▶ **SOURCE MATERIAL**:
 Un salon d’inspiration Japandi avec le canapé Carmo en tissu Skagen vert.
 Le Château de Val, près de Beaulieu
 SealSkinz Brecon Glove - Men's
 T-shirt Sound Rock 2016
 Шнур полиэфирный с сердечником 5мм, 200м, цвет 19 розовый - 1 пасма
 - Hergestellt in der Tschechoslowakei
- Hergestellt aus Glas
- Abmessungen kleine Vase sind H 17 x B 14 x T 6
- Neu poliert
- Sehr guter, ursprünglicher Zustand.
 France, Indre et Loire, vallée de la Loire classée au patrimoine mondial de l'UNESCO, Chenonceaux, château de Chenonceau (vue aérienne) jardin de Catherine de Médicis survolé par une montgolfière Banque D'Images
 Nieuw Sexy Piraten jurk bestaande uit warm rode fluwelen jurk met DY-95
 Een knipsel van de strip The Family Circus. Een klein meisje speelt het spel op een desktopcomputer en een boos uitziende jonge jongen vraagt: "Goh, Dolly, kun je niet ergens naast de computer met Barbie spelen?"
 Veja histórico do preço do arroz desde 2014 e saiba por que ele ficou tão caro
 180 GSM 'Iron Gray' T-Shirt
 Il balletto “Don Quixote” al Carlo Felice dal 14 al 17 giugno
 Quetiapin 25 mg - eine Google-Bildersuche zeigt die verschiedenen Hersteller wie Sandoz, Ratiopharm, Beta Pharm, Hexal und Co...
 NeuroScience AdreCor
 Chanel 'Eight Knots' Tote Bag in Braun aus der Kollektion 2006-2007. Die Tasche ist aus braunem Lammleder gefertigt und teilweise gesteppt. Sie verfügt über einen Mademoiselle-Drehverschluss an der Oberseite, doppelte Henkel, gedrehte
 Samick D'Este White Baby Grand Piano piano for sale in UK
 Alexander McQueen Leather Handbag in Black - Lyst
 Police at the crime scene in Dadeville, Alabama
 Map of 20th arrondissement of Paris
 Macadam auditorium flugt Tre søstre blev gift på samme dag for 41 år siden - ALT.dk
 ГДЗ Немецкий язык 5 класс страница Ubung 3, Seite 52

▶ **REQUIRED ACTION**:
Reproduce exactly the section above that begins at the line containing "al 17 giugno" and ends at the line containing "NeuroScience AdreCor", leaving out all other lines.

▶ **EXERCISE RESULT**:
 Il balletto “Don Quixote” al Carlo Felice dal 14 al 17 giugno
 Quetiapin 25 mg - eine Google-Bildersuche zeigt die verschiedenen Hersteller wie Sandoz, Ratiopharm, Beta Pharm, Hexal und Co...
 NeuroScience AdreCor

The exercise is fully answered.